The mated females were observed twice daily for clinical signs, mortality and morbidity. Body weights were recorded on GD0, 3, 5, 8, 11, 14, 17 and 20. About 200 g (food input) was provided on Day ‘0’. The food left over was recorded and replenished to a known weight on GD 3, 5, 8, 11, 14 and 17. The food left over was also recorded on Day 20 of presumed gestation. The intermittent body weight gain and food intake was calculated and presented for rats found pregnant at caesarean section.

 

Caesarean section was performed for all the surviving rats on GD 20 and dams were examined for gross pathological changes. The uterus from all the animal were removed (by laparotomy) and the contents were examined.The uteri were weighed and examined for the number of implantation sites, early and late resorptions, and number of live and dead fetuses. The number of corpora lutea was counted on each ovary. All the fetuses were sexed, weighed and examined for external malformations.Approximately half the number of fetuses from each dam was examined for visceral malformations and the remaining half was evaluated for skeletal malformations.

 

Results of the study are presented below:

 

·       There was no mortality and clinical signs in the low dose and mid dose groups. In the high dose group there was a treatment-related clinical sign of hypoactivity and in addition, one rat (Rs3891) was found dead on GD 9 (when treated at the dose of 800 mg/kg/day). After the dose was reduced to 450 mg/kg/day, there were no clinical signs and all the rats were normal.

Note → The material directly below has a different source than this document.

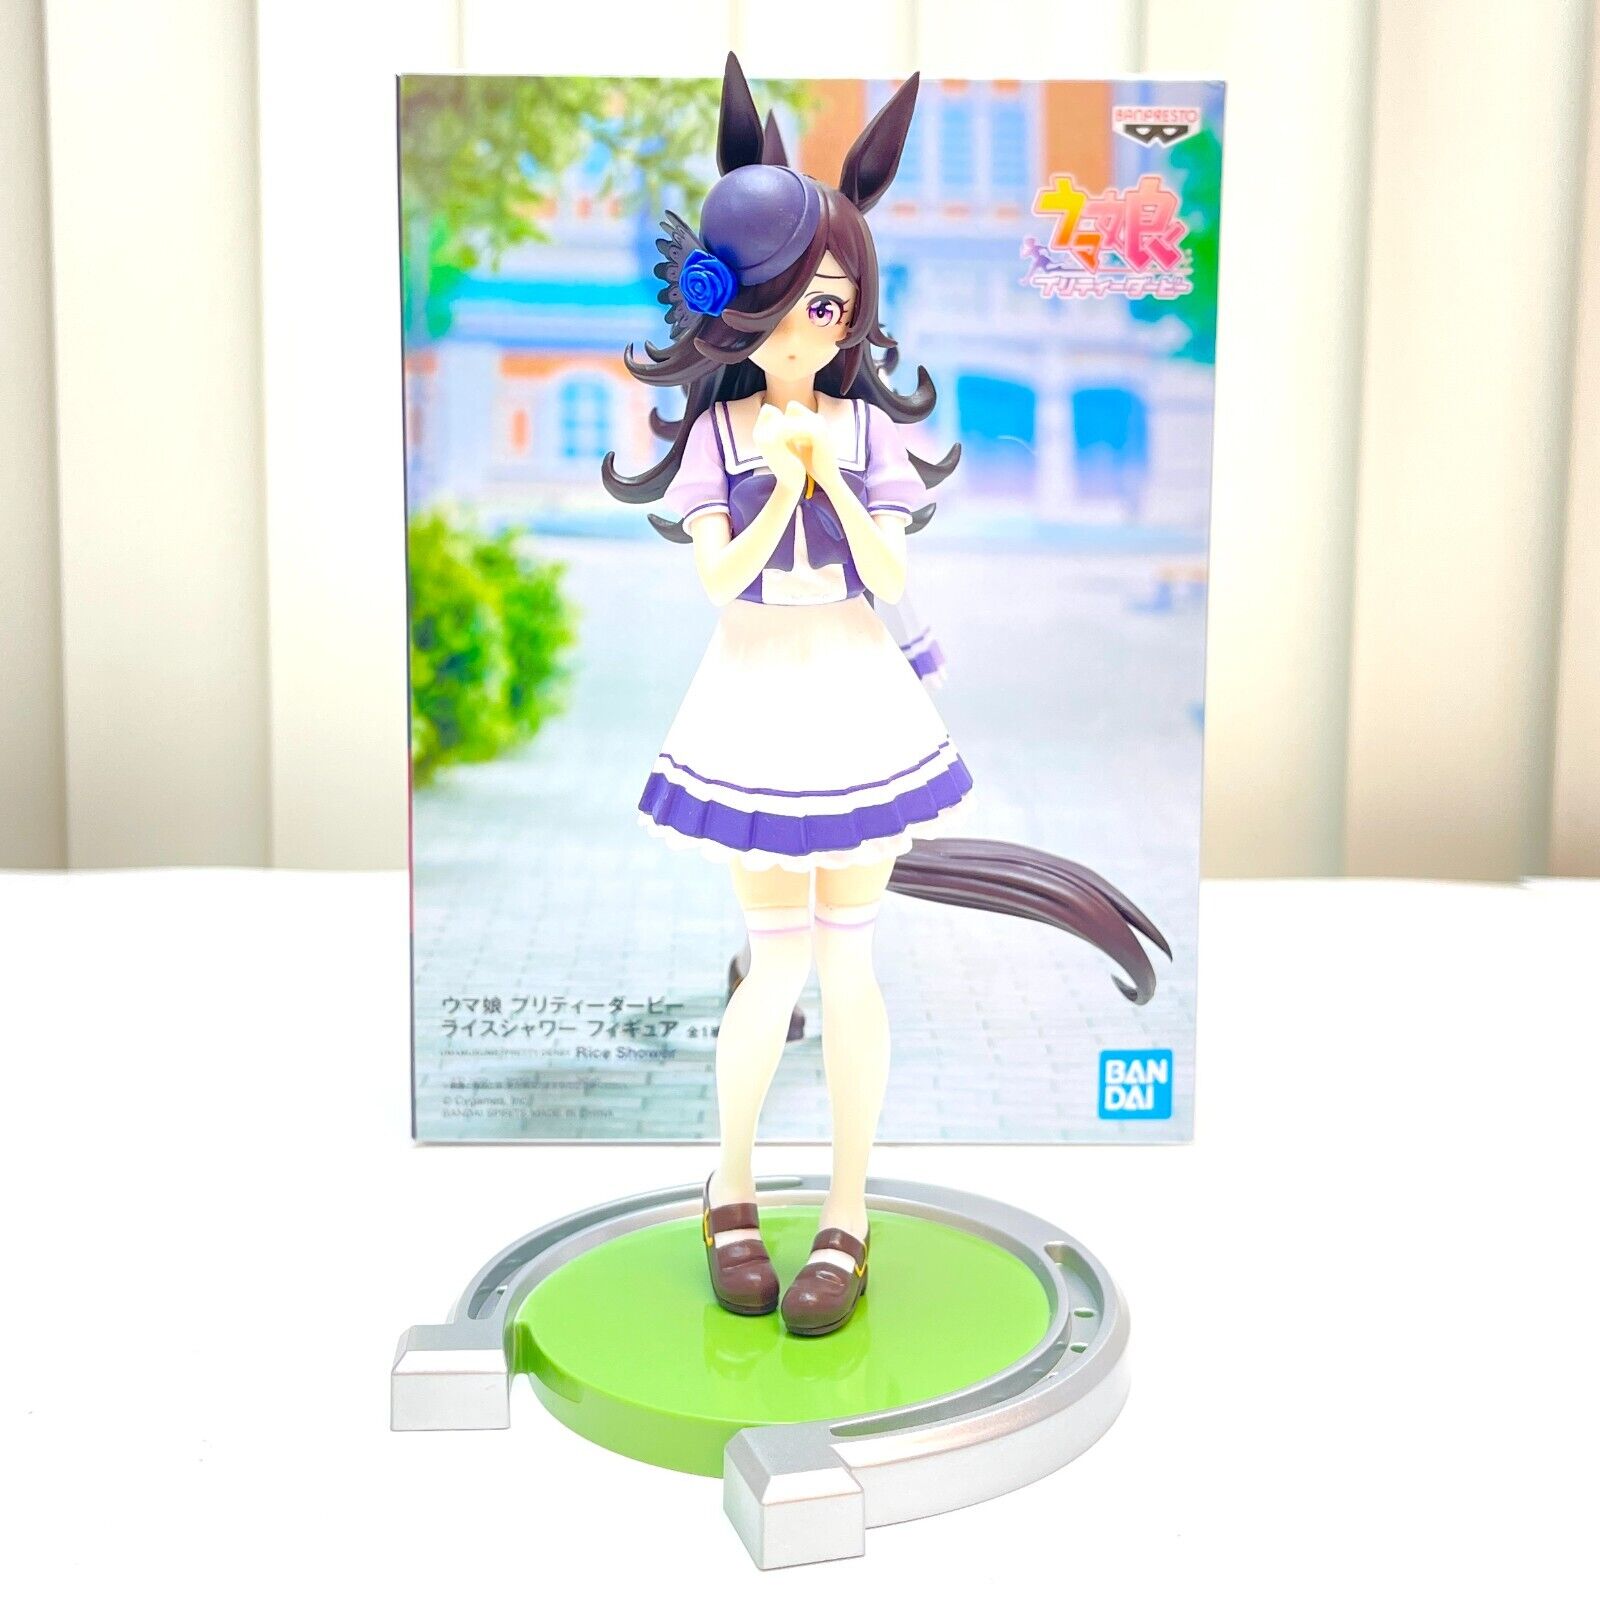 Banpresto Uma Musume Pretty Derby Anime Game Figure Toy Rice Shower BP18811

·       There was treatment-related significant reduction in maternal body weights, corrected body weight gain and food consumption in mid and high dose groups as compared to vehicle control group.

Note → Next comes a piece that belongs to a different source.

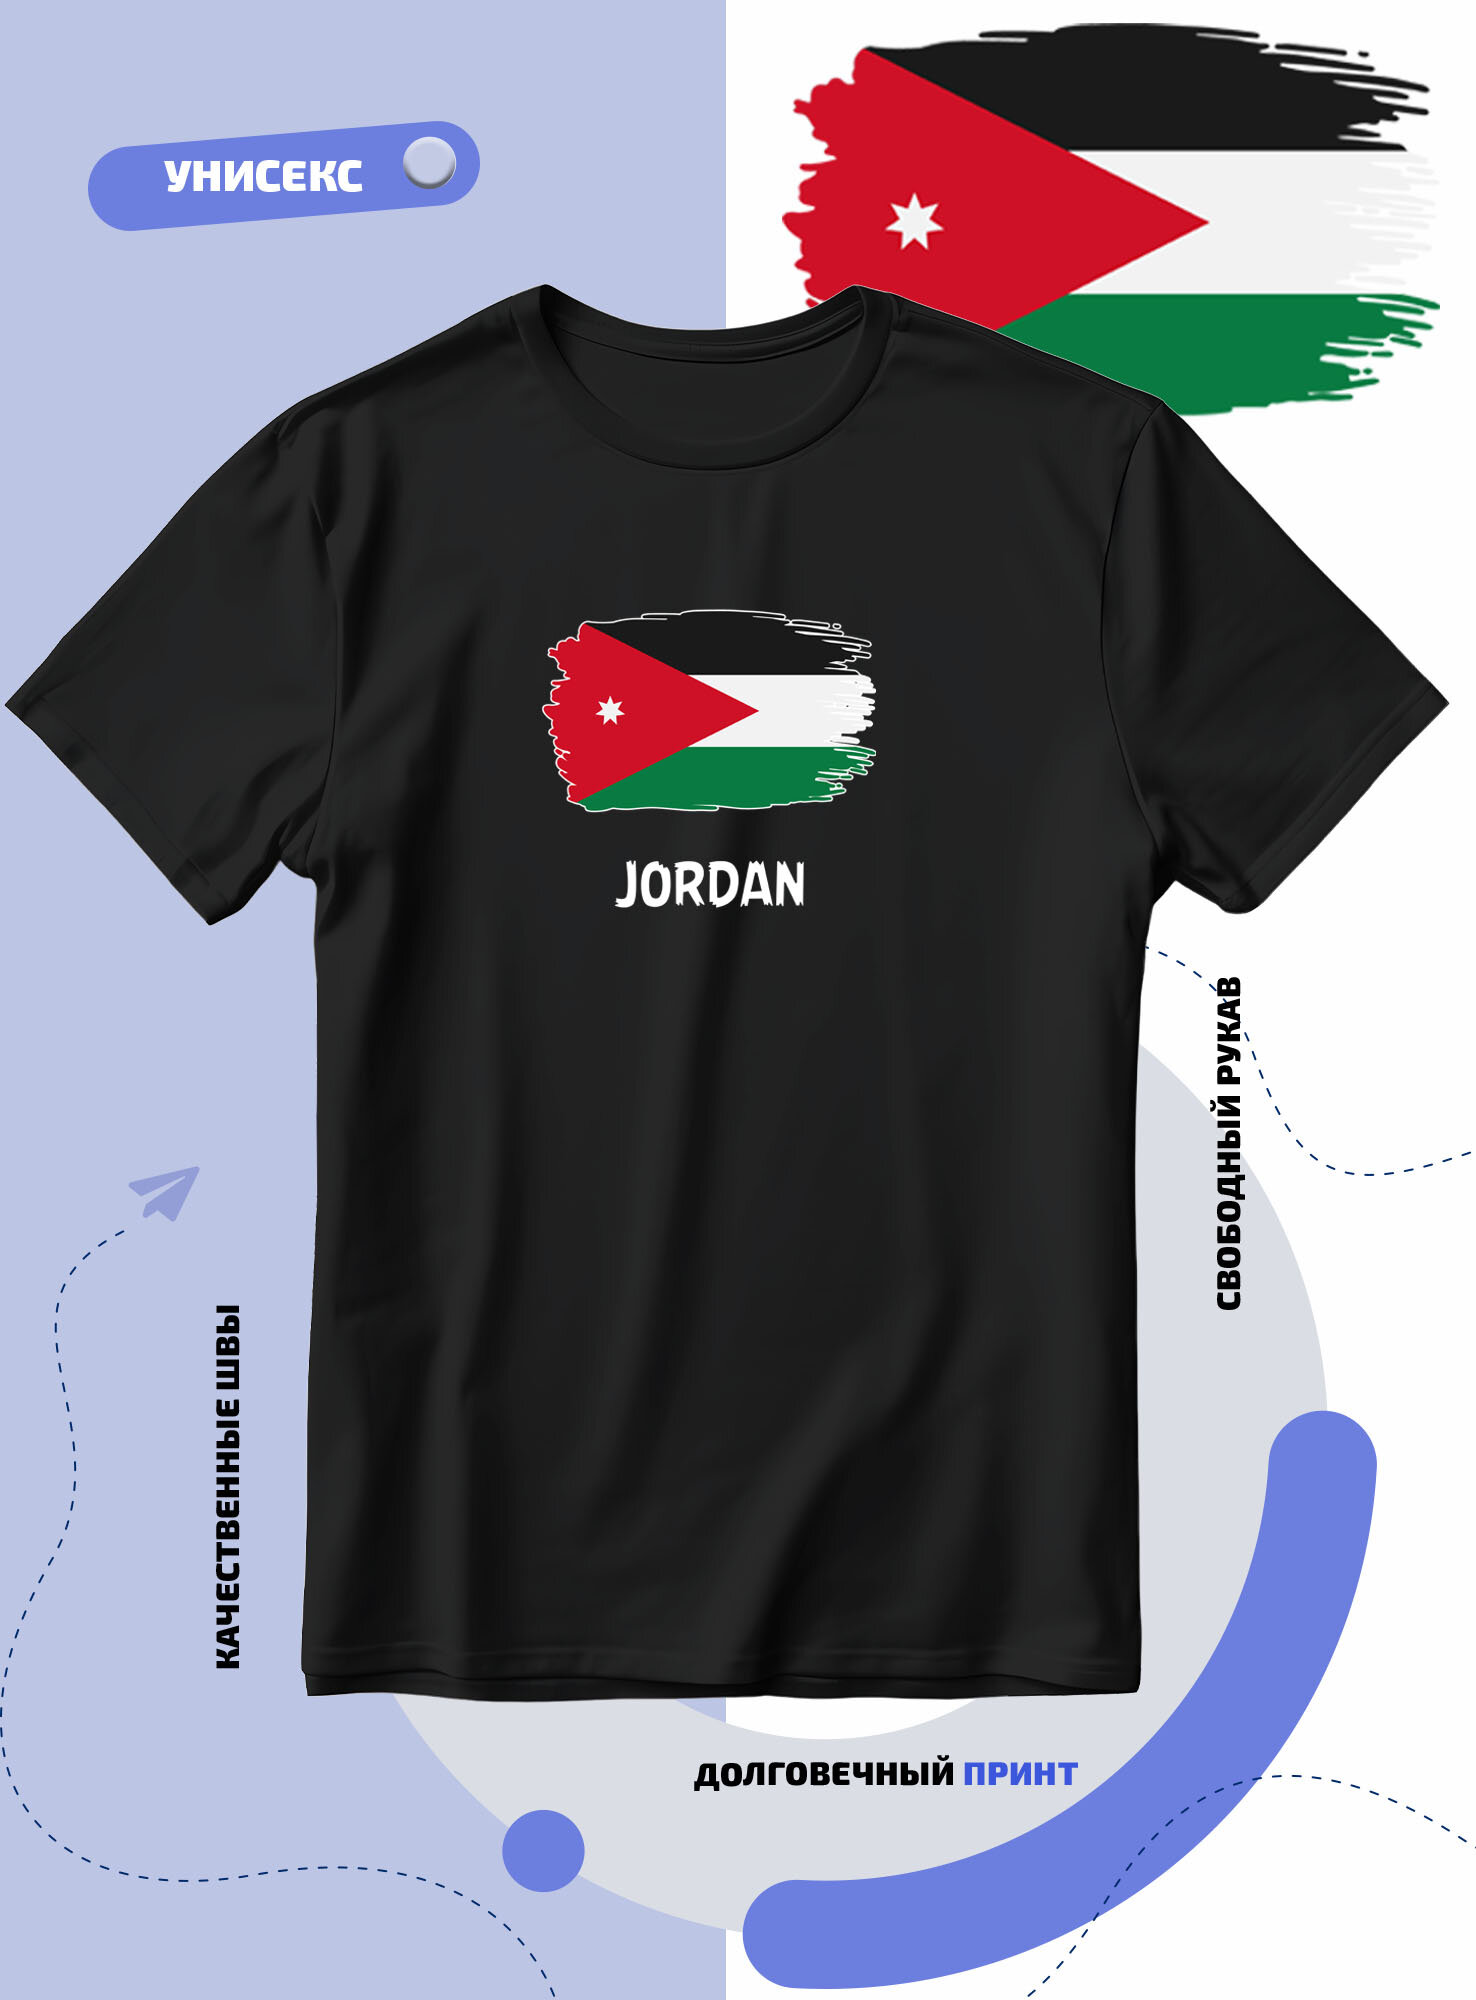 Футболка SMAIL-P с флагом Иордании-Jordan

·       Gross necropsy finding of thickening of stomach non-glandular mucosa multifocal was observed in 8/24 and 17/23 rats of mid and high dose groups respectively.

·       Maternal data parameter - uterine weight was significantly reduced in high dose group. The other maternal data parameters were comparable to vehicle control group up to the high dose.

·        Litter data parameters were comparable to vehicle control group at all the doses tested.

·       Fetal, external, visceral and skeletal observations were comparable to vehicle control group at all the doses tested. Visceral and skeletal examinations revealed no signs ofteratogenicity in any of the tested doses.

 

Based on the above findings, it is concluded that, No Observed Adverse Effect Level (NOAEL) for

 

·          Maternal toxicity is 50 mg/kg/day due to treatment-related significant reduction in maternal body weight, corrected body weight gain and food consumption at 200 and 800/450 mg/kg/day and significant reduction in uterine weight at 800/450 mg/kg/day. 

 

·          Fetal developmental toxicity is 800/450 mg/kg/day in Wistar rats as the litter data parameters were comparable to vehicle control group up to the high dose of 800/450 mg/kg/day.

 

·          Teratogenicity is 800/450 mg/kg/day as there were no signs of teratogenicity in any of the tested dose levels up to the high dose of 800/450 mg/kg/day

 

in Wistar rats when Leomin AN Liqwas administered orally by gavage during GD 5 to 19 under the test conditions and doses employed in this study.